Batch processing in Hibernate – Java’s ORM

Developers are often facing the problem of inserting large data, so this article could help them to
see the ways how to do it in proper way in order to avoid common-mistakes.

 

This is the way how batch processing shouldn’t be done:

public void insertBatch(List entities){
EntityManager em = DatabaseProvider.getEntityManager();
EntityTransaction transaction = em.getTransaction();

try {
transaction.begin();
for (int i = 0; i < entities.size(); i++){
em.persist(entities.get(i));
}
transaction.commit();
} catch (Exception ex){
ex.printStackTrace();
transaction.rollback();
}
}

 

There are several reasons why we should not use this approach:

  1. In case of large collection of entities – e.g. 1 million? This can cause the OutOfMemory error in the persistence context and we have not persisted anything in the database.
  2. Long-running operation which reserves one connection.
  3. In case that we need at least some of the information to be stored, this will not fit our expectations. In case of a failure, none of the records will be inserted.

 

So, the better approach would be:

public void batchInsertOneTransaction(List entities){
EntityManager entityManager = DatabaseProvider.getEntityManager();
EntityTransaction transaction = entityManager.getTransaction();
try {
transaction.begin();
for (int i = 0; i < entities.size(); i++){ entityManager.persist(entities.get(i)); if (i > 0 && i % 50 == 0){
entityManager.flush();
entityManager.clear();
}
}
transaction.commit();
} catch (Exception ex){
transaction.rollback();
ex.printStackTrace();
}
}

 

The reasons why this is a better approach are:

  1. Out of memory cannot happen because we clear our persistence context after we flush the data into database.
  2. This approach will save all the data, but in case of a failure, it will not save any data.

 

Another solution would contain more transactions:

public void batchInsertMultiTransaction(List entities){
EntityManager entityManager = DatabaseProvider.getEntityManager();
EntityTransaction transaction = entityManager.getTransaction();
try {
transaction.begin();
for (int i = 0; i < entities.size(); i++){ try { entityManager.persist(entities.get(i)); if (i > 0 && i % 50 == 0){
entityManager.flush();
entityManager.clear();
transaction.commit();
transaction.begin();
}
} catch (Exception ex){
transaction.rollback();
ex.printStackTrace();
}
}
} finally {
//if the number of entities is not divisable by 50
try {
entityManager.flush();
entityManager.clear();
transaction.commit();
} catch (Exception ex){
transaction.rollback();
ex.printStackTrace();
}
}
}

 

Advantage:

  1. In case of a failure, this approach will store some of the data which should be taken with awareness.
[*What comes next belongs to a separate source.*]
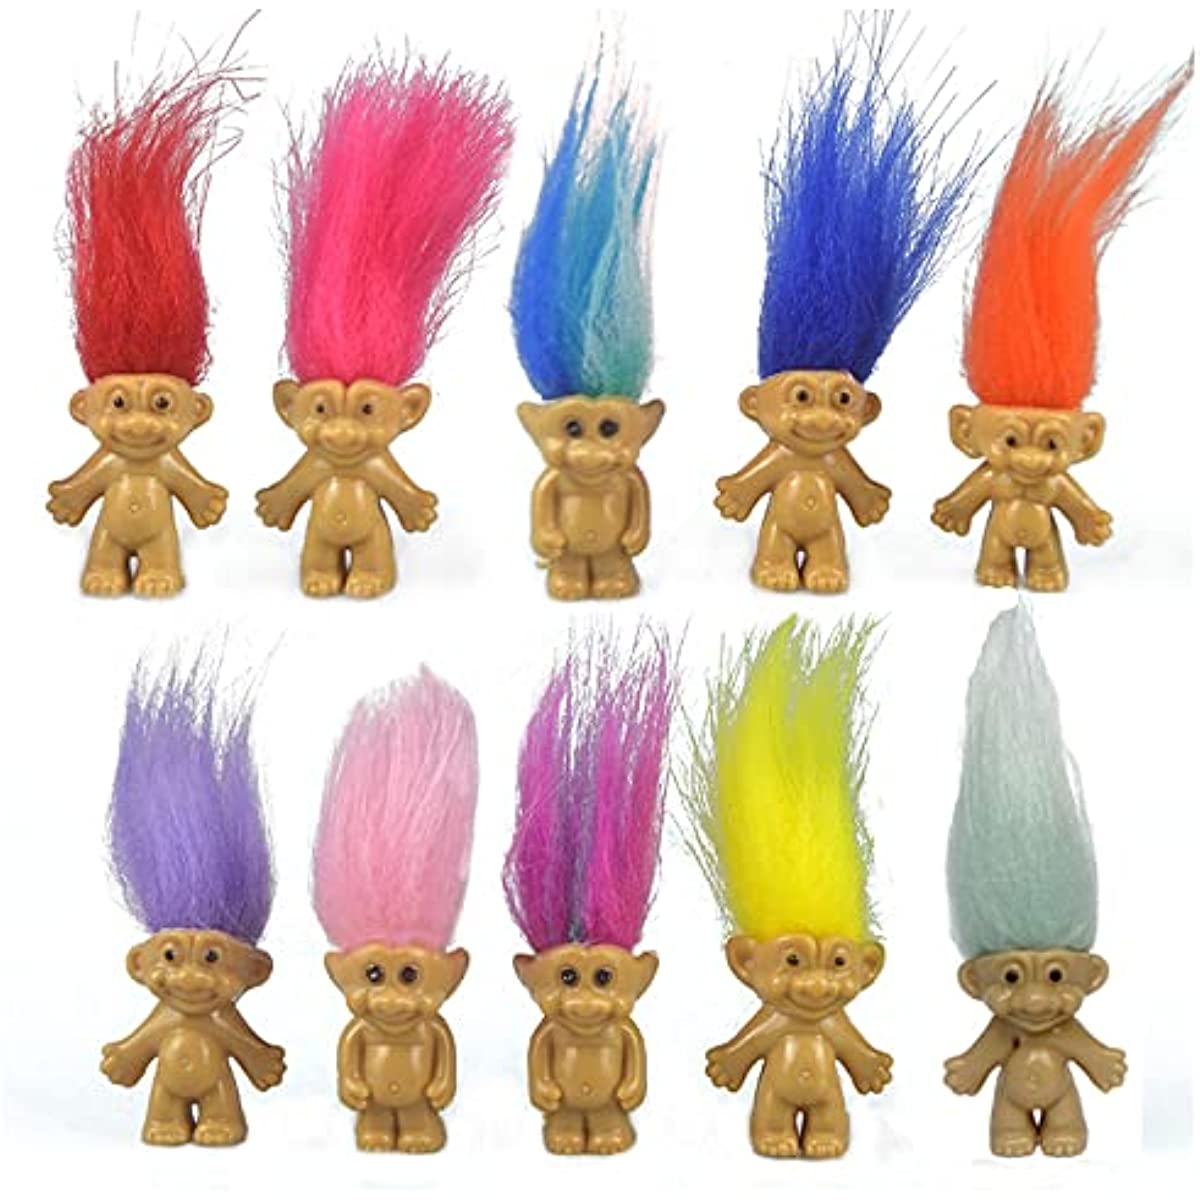 10 Stück Mini-Troll-Puppen, Spielzeug, PVC, Vintage-Trolle, Glückspuppe, Actionfiguren, Kuchendeckel, chromatisch, bezaubernd, niedliche kleine Kerle, Sammlung, Kunsthandwerk, Partygeschenke

In case that we need the exact order of the data, or if all data needs to be stored, or the application depends on the accumulation field, this has to be done with the previous algorithm.
  2. Beside that, with this approach you can mark the failed data and after cleaning them you can insert it again

 

Further:

When it comes to performance, if it’s low, writing native SQL is always a good option, but there is one requirement we need to fulfill.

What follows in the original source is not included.